Variation for strings with different lengths
u = 'ABCDEFGHIJKLMNOPQRSTUVWXYZ'
l = 'abcdefghijkl'
Shorter one determines length (zip() equivalent)
min_len = min(len(u), len(l))
res = [''] * min_len * 2
res[::2] = u[:min_len]
res[1::2] = l[:min_len]
print(''.join(res))
Output:
AaBbCcDdEeFfGgHhIiJjKkLl
Longer one determines length (itertools.zip_longest(fillvalue='') equivalent)
min_len = min(len(u), len(l))
res = [''] * min_len * 2
res[::2] = u[:min_len]
res[1::2] = l[:min_len]
res += u[min_len:] + l[min_len:]
print(''.join(res))
Output:
AaBbCcDdEeFfGgHhIiJjKkLlMNOPQRSTUVWXYZ
With join() and zip().
>>> ''.join(''.join(item) for item in zip(u,l))
'AaBbCcDdEeFfGgHhIiJjKkLlMmNnOoPpQqRrSsTtUuVvWwXxYyZz'
On Python 2, by far the faster way to do things, at ~3x the speed of list slicing for small strings and ~30x for long ones, is
res = bytearray(len(u) * 2)
res[::2] = u
res[1::2] = l
str(res)
This wouldn't work on Python 3, though. You could implement something like
res = bytearray(len(u) * 2)
res[::2] = u.encode("ascii")
res[1::2] = l.encode("ascii")
res.decode("ascii")
but by then you've already lost the gains over list slicing for small strings (it's still 20x the speed for long strings) and this doesn't even work for non-ASCII characters yet.
FWIW, if you are doing this on massive strings and need every cycle, and for some reason have to use Python strings... here's how to do it:
res = bytearray(len(u) * 4 * 2)
u_utf32 = u.encode("utf_32_be")
res[0::8] = u_utf32[0::4]
res[1::8] = u_utf32[1::4]
res[2::8] = u_utf32[2::4]
res[3::8] = u_utf32[3::4]
l_utf32 = l.encode("utf_32_be")
res[4::8] = l_utf32[0::4]
res[5::8] = l_utf32[1::4]
res[6::8] = l_utf32[2::4]
res[7::8] = l_utf32[3::4]
res.decode("utf_32_be")
Special-casing the common case of smaller types will help too. FWIW, this is only 3x the speed of list slicing for long strings and a factor of 4 to 5 slower for small strings.

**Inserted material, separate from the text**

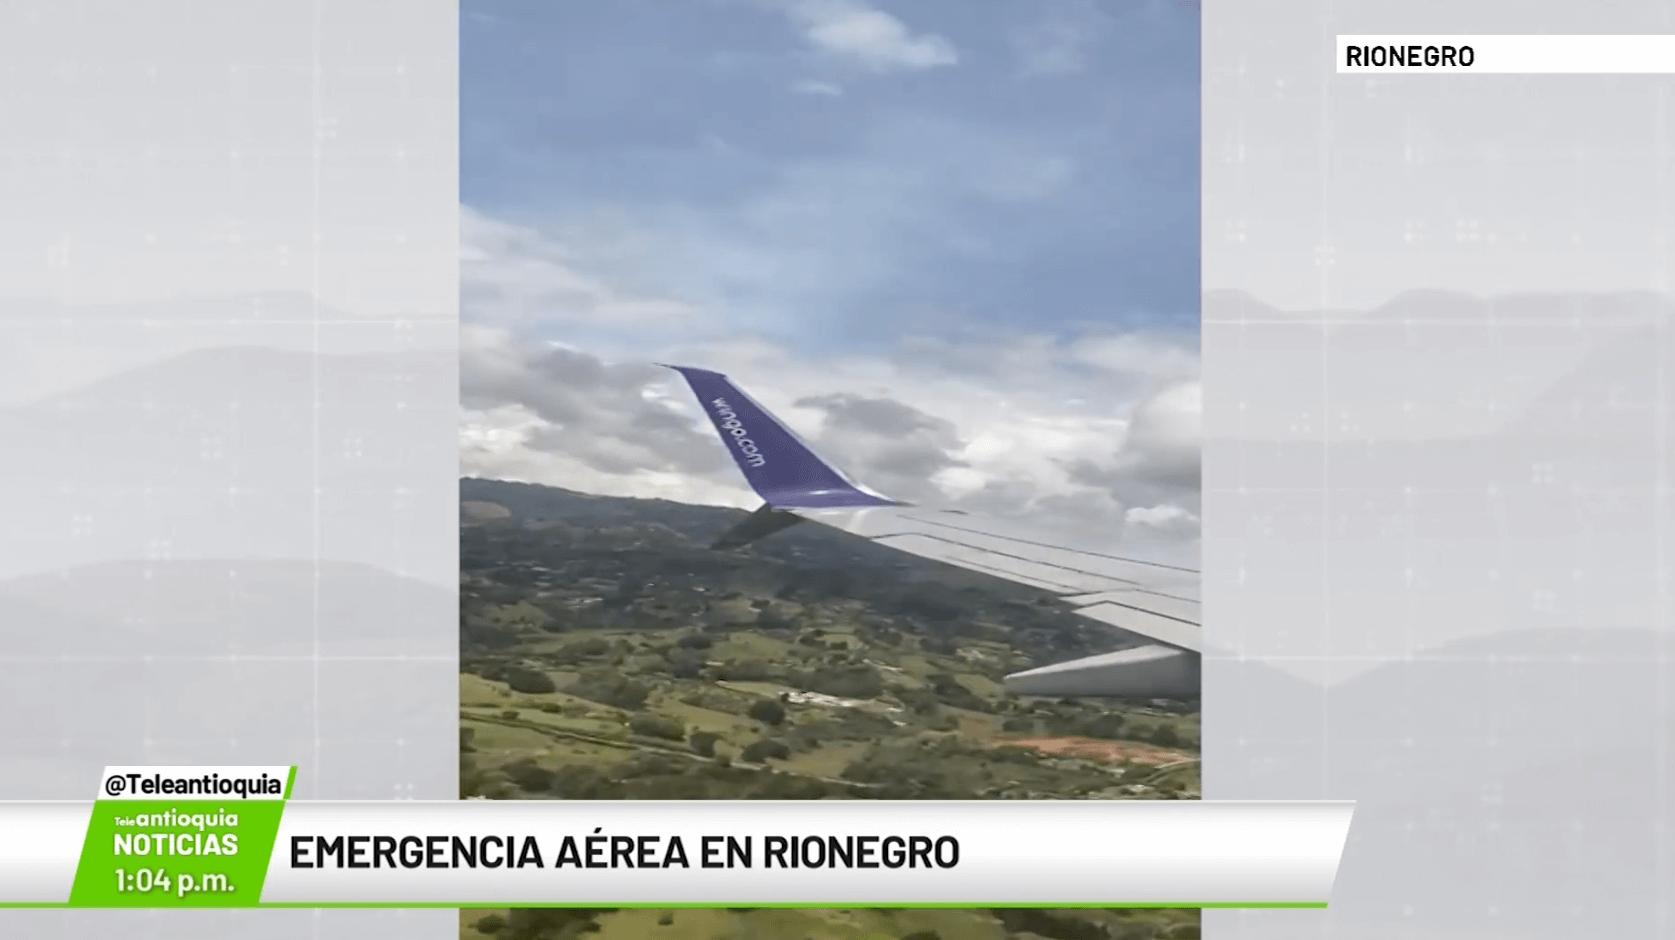 Emergencia aérea en Rionegro

Either way I prefer the join solutions, but since timings were mentioned elsewhere I thought I might as well join in.
If you want the fastest way, you can combine itertools with operator.add:
In [36]: from operator import add
In [37]: from itertools import starmap, izip
In [38]: timeit "".join([i + j for i, j in uzip(l1, l2)])
1 loops, best of 3: 142 ms per loop
In [39]: timeit "".join(starmap(add, izip(l1,l2)))
1 loops, best of 3: 117 ms per loop
In [40]: timeit "".join(["".join(item) for item in zip(l1, l2)])
1 loops, best of 3: 196 ms per loop
In [41]: "".join(starmap(add, izip(l1,l2))) == "".join([i + j for i, j in izip(l1, l2)]) == "".join(["".join(item) for item in izip(l1, l2)])
Out[42]: True
But combining izip and chain.from_iterable is faster again
In [2]: from itertools import chain, izip
In [3]: timeit "".join(chain.from_iterable(izip(l1, l2)))
10 loops, best of 3: 98.7 ms per loop
There is also a substantial difference between
chain(* and chain.from_iterable(....
In [5]: timeit "".join(chain(*izip(l1, l2)))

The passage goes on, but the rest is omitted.